Ted Cruz claimed his Nike boycott promoted free speech — but says Goya boycott silences it

The Texas Republican tweets in support of Donald Trump and gets slammed

Published July 11, 2020 5:16PM (EDT)

Ted Cruz (Getty/Jim Watson)
Ted Cruz (Getty/Jim Watson)

This article originally appeared on The Texas Tribune.

The Texas Republican is criticizing calls for a boycott because the Hispanic food company's CEO praised President Donald Trump.

U.S. Sen. Ted Cruz on Friday said calls for a boycott of Goya Foods because its CEO praised President Donald Trump were an attempt to "silence free speech." But one year ago, the Texas Republican encouraged people to boycott Nike after the company halted plans to sell shoes featuring the Betsy Ross flag that some say glorifies slavery and racism, according to NPR.

On Thursday, Goya Foods CEO Robert Unanue praised president Donald Trump in a ceremony at The White House. Goya bills itself as America's largest Hispanic-owned food company.

"We're all truly blessed at the same time to have a leader like President Trump who is a builder, and that's what my grandfather did," said Unanue. "He came to this country to build, to grow, to prosper. And so we have an incredible builder, and we pray for our leadership, our president, and we pray for our country that we will continue to prosper and to grow."

That sparked an immediate reaction on Twitter, where hashtags like #BoycottGoya, #GoyaFoods and #Goyaway began trending. Hispanic leaders, including former Texas congressman and presidential hopeful Julián Castro, responded with anger, noting that the president has villainized and attacked Latinos "for political gain."
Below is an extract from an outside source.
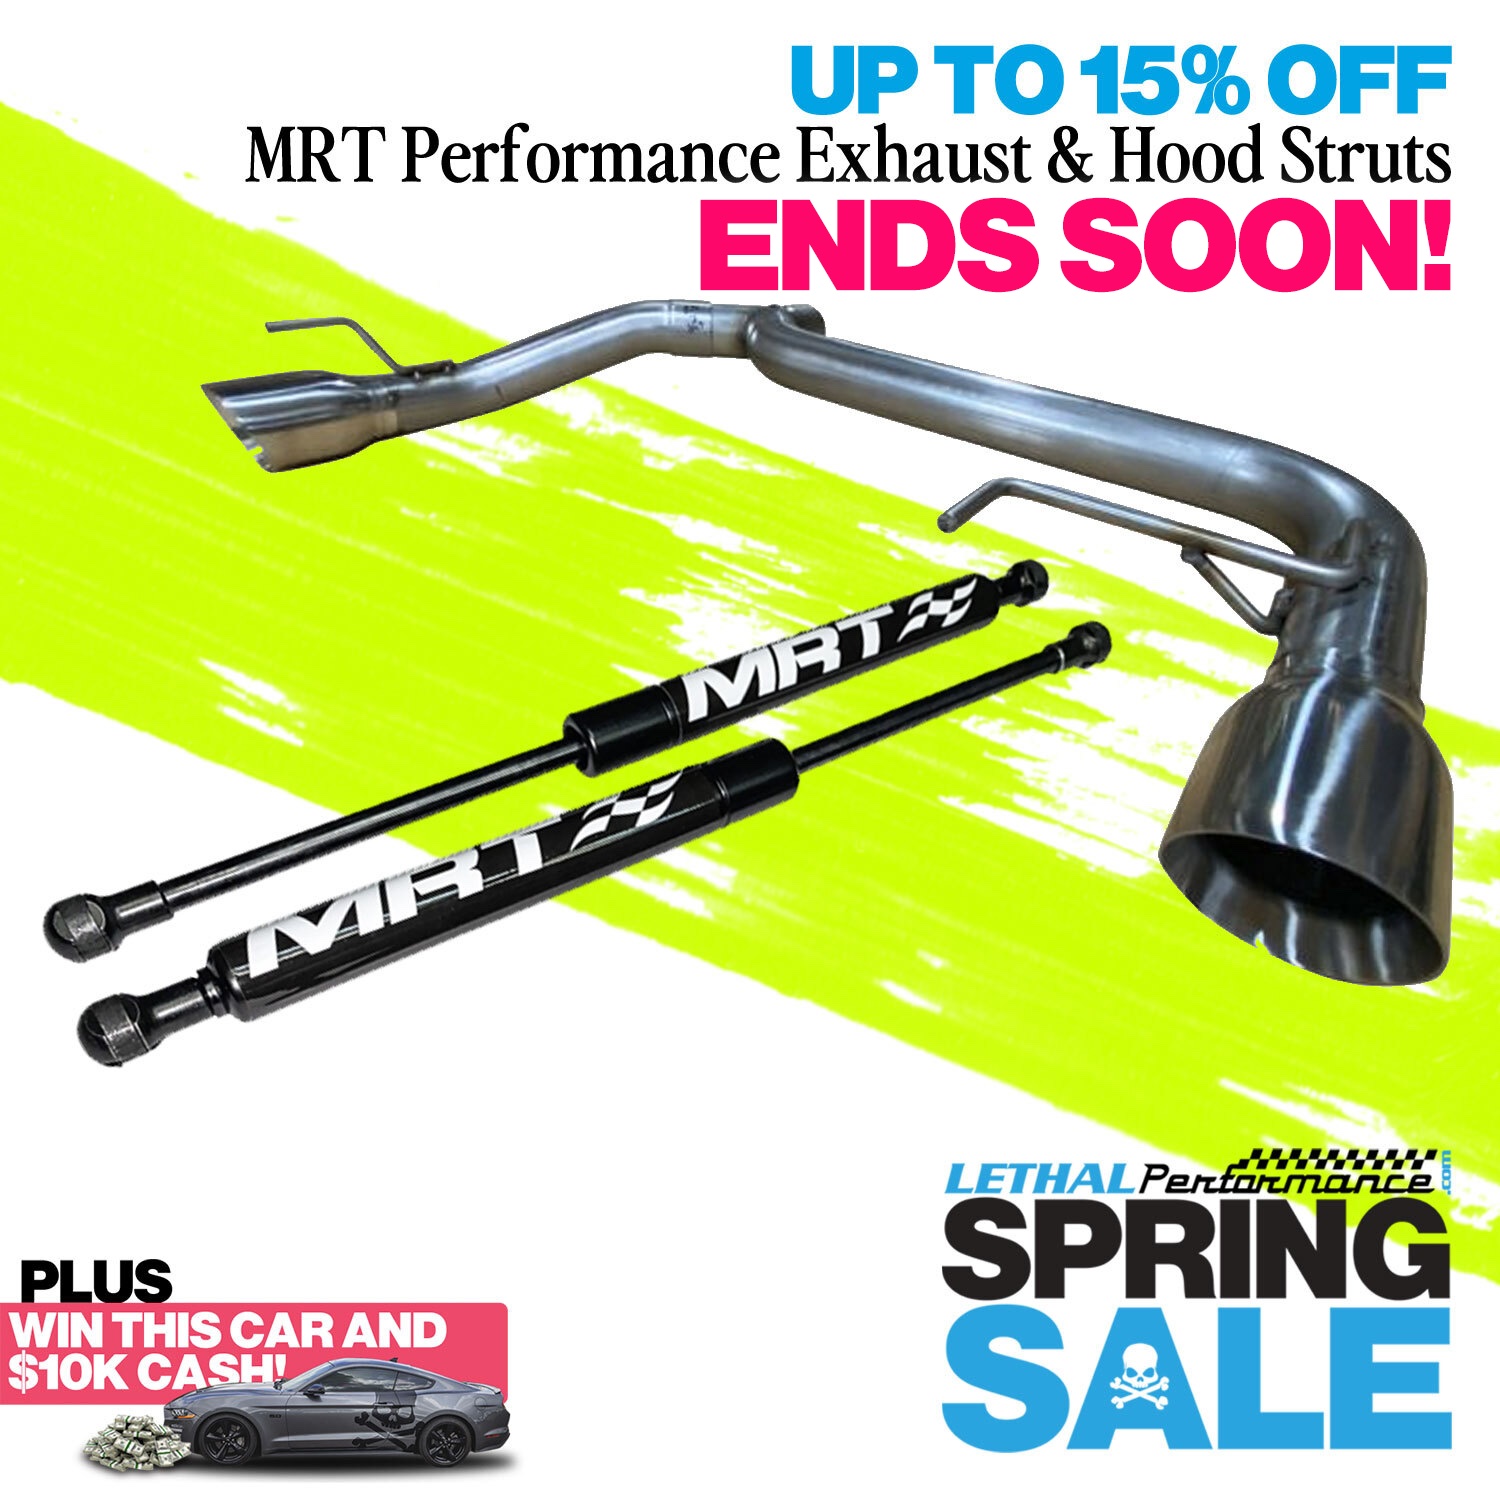 S650 Mustang Spring SALE has SPRUNG here at Lethal Performance!! end soon spring sale mrt

"Free speech works both ways. @Goyafoods CEO is free to support a bigoted president who said an American judge can't do his job because he's 'Mexican', who treats Puerto Rico like trash, and who tries to deport Dreamers," Castro tweeted on Friday. "We're free to leave his products on the shelves. #Goyaway."

The League of United Latin American Citizens, the nation's oldest and largest Latino civil rights organization, also defended the boycott.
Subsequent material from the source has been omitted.